This scenario was entirely predictable.
The latest call for an emergency manager in Metro Detroit is coming from an unlikely place — the affluent Northville Public Schools.
Stalled contract negotiations between administrators and employees have school board members discussing the possibility of seeking an emergency manager, which under state law must be appointed by the governor.
Emergency managers have the power to void union contracts, remove administrators and take all control of the district’s actions.
The two sides have until the second week in August to come to terms on a two-year collective bargaining agreement. Union representatives and administrators bargained Tuesday, but Superintendent Mary Kay Gallagher said no progress was made.
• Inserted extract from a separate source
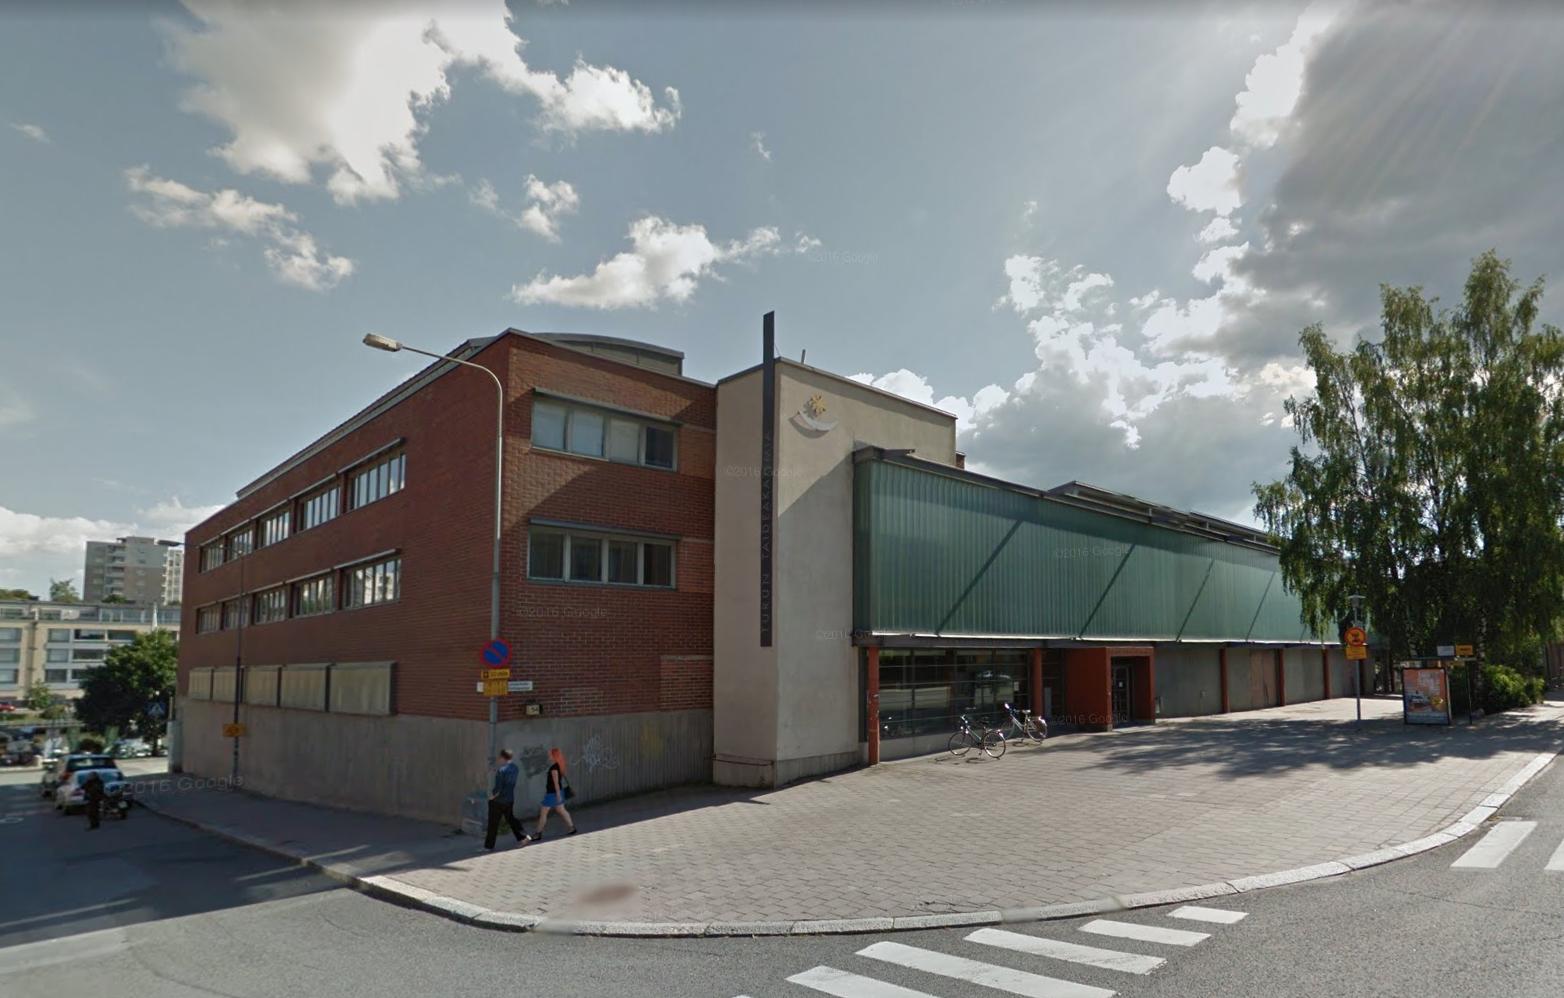 Turun ammattikorkeakoulu, Linnankatu 54, Turku

“(An emergency manager) is a last resort,” Gallagher said. “That is most definitely something that is under consideration, but again that is a last resort.”
Here’s how it works:
- Snyder’s budget strips away money from the schools.
- The schools are forced into a bankruptcy situation.
- They turn to their employees and teachers for drastic concessions (a nearly 10% pay cut and no raises for two years in this case.)
- Because teachers have already given up much in recent years, they resist further cuts.
- The school district threatens the union with an Emergency Manager, an individual that has the power to come in an unilaterally wipe away their contracts.
Their diabolical plan is working out just as they hoped it would. It’s really a nearly perfect formula and with Democrats in the minority at all levels and unions already on their knees, there isn’t much that can be done about it.